© JUNGE FREIHEIT Verlag GmbH & Co.  www.jungefreiheit.de  29/14 / 11. Juli 2014

Frisch gepresst

EU-Grundgesetz. Wie der Klappentext verrät, wurde der vor dem Ruhestand stehende Leiter des Ressorts Innenpolitik der Süddeutschen Zeitung, Heribert Prantl, mit den üblichen Preisen der Kategorie „Kurt Tucholsky“ geschmückt. Ein biographisches Detail, das keinen Zweifel daran läßt, was den Leser erwartet. Da sind zum einen Prantls altbekannte SZ-Tiraden gegen den „alltäglichen Rassismus“, zum anderen seine Glorifizierung des EU-Europas, dessen Straßburger Parlament er zum eigentlichen „Weltwunder“ der Neuzeit verklärt. Dem fehle leider noch eine probate Verfassung. Aber da kann Ex-Staatsanwalt Prantl abhelfen: Das Grundgesetz sei nur neu zuzuschneiden, die repräsentative zur plebiszitären Demokratie auszubauen. Überraschender in diesem Destillat seiner SZ-Leitartikel sind da schon Prantls deutlich antiamerikanisch gefärbten Attacken auf den „demokratie-feindlichen“ Überwachungsfuror der US-Geheimdienste sowie seine antikapitalistischen Bekenntnisse zum Sozialstaat und seine herbe Kritik am ökonomistisch reduzierten Brüsseler Menschenbild. Hier bezieht Prantl lupenrein konservative Positionen, die er allerdings nicht mehr im National-, sondern allein im europäischen Superstaat verwirklicht sehen möchte. (ob)

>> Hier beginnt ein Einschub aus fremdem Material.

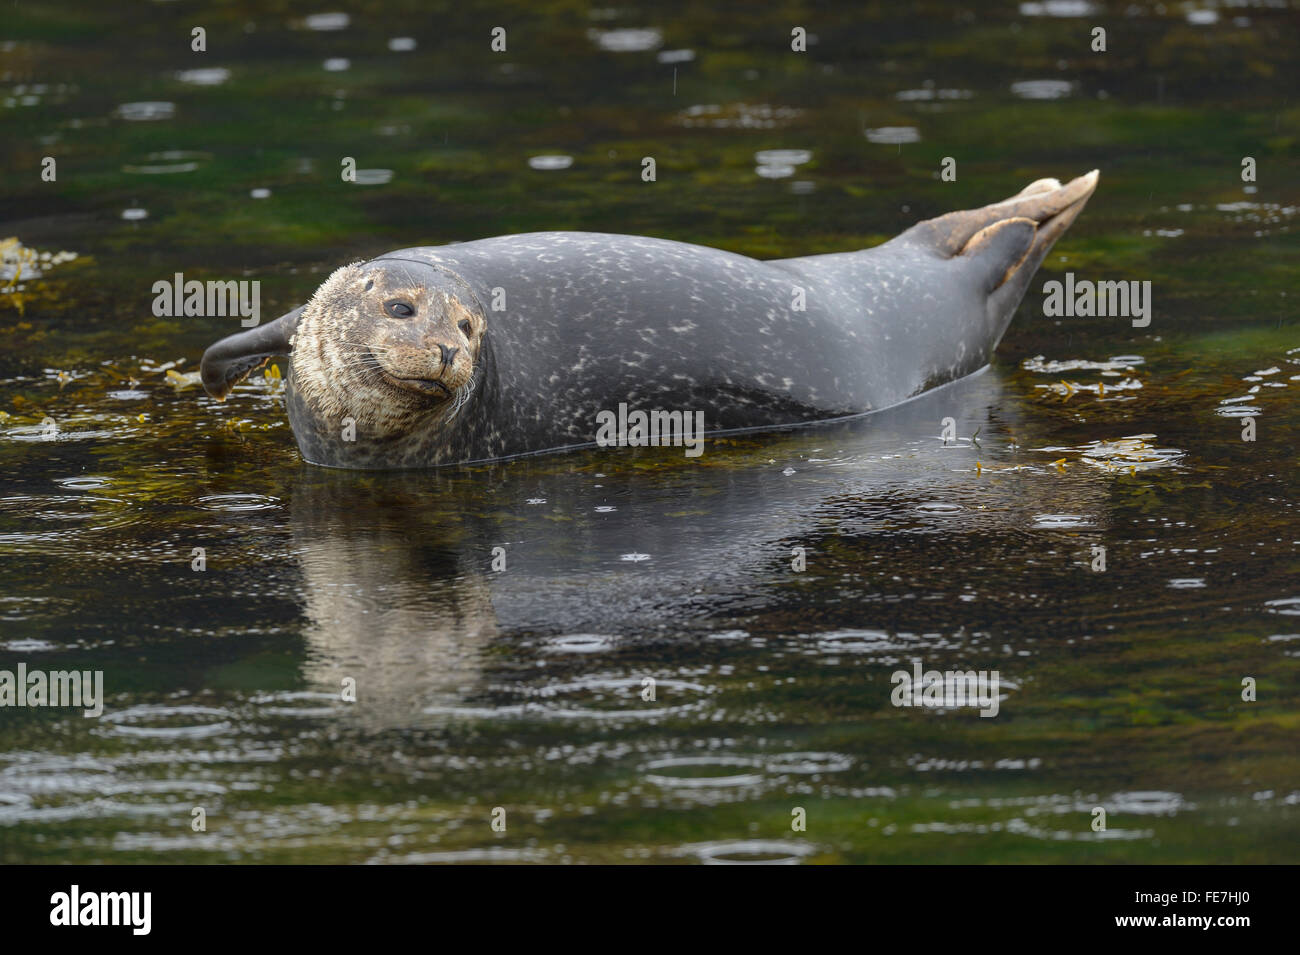 Common or harbour seal (Phoca vitulina) resting on stone in water, Arnarstapi, West Iceland, Iceland Stock Photo

Heribert Prantl: Glanz und Elend der Grundrechte. Zwölf Sterne für das Grundgesetz. Droemer Verlag, München 2014, gebunden, 189 Seiten, 18 Euro

 

Federkrieger. „Hineingeschlittert“, dieser etwas hilflose Begriff wurde oft bemüht, um die politische Geschichte zu deuten, die 1914 in die „Jahrhundertkatastrophe“ führte. Den Geist, der diese Situation umwehte, fängt jedoch besser das bunte Mosaik verschiedener Wortmeldungen aus diesen Jahren ein. Das wußte schon Walter Kempowski, als er die Floskel über den „Zeitzeugen als Todfeind des Historikers“ in den Wind schlug und sein „Echolot“-Projekt über den Zweiten Weltkrieg initiierte. Der Braunschweiger Geschichtsdidaktiker Matthias Steinbach nimmt diesen Faden auf und legt sein „literarisches Echolot“ vor, das 77 deutschsprachige Literaten von Hugo Ball über Hermann Löns und Joseph Roth bis zu Stefan Zweig zu Wort kommen läßt. Anhand ihrer literarischen Zeugnisse offenbart sich ein polyphones Konzert der Stimmungen – von der Mobilmachung, dem „Augusterlebnis“ bis zur späteren „Erstarrung und Gewöhnung“. (bä)

Matthias Steinbach (Hrsg.): Mobilmachung 1914. Ein literarisches Echolot. Reclam Verlag, Stuttgart 2014, broschiert, 287 Seiten, 12,95 Euro

 

Historisches Kalenderblatt

11. Juli 1939: US-Präsident Franklin D. Roosevelt scheitert mit der Absicht, das Neutralitätsgesetz von 1937 zu novellieren. Der Außenpolitische Ausschuß des US-Kongresses hält am isolationistischen Verbot von Waffenlieferungen an internationale Kriegsparteien fest.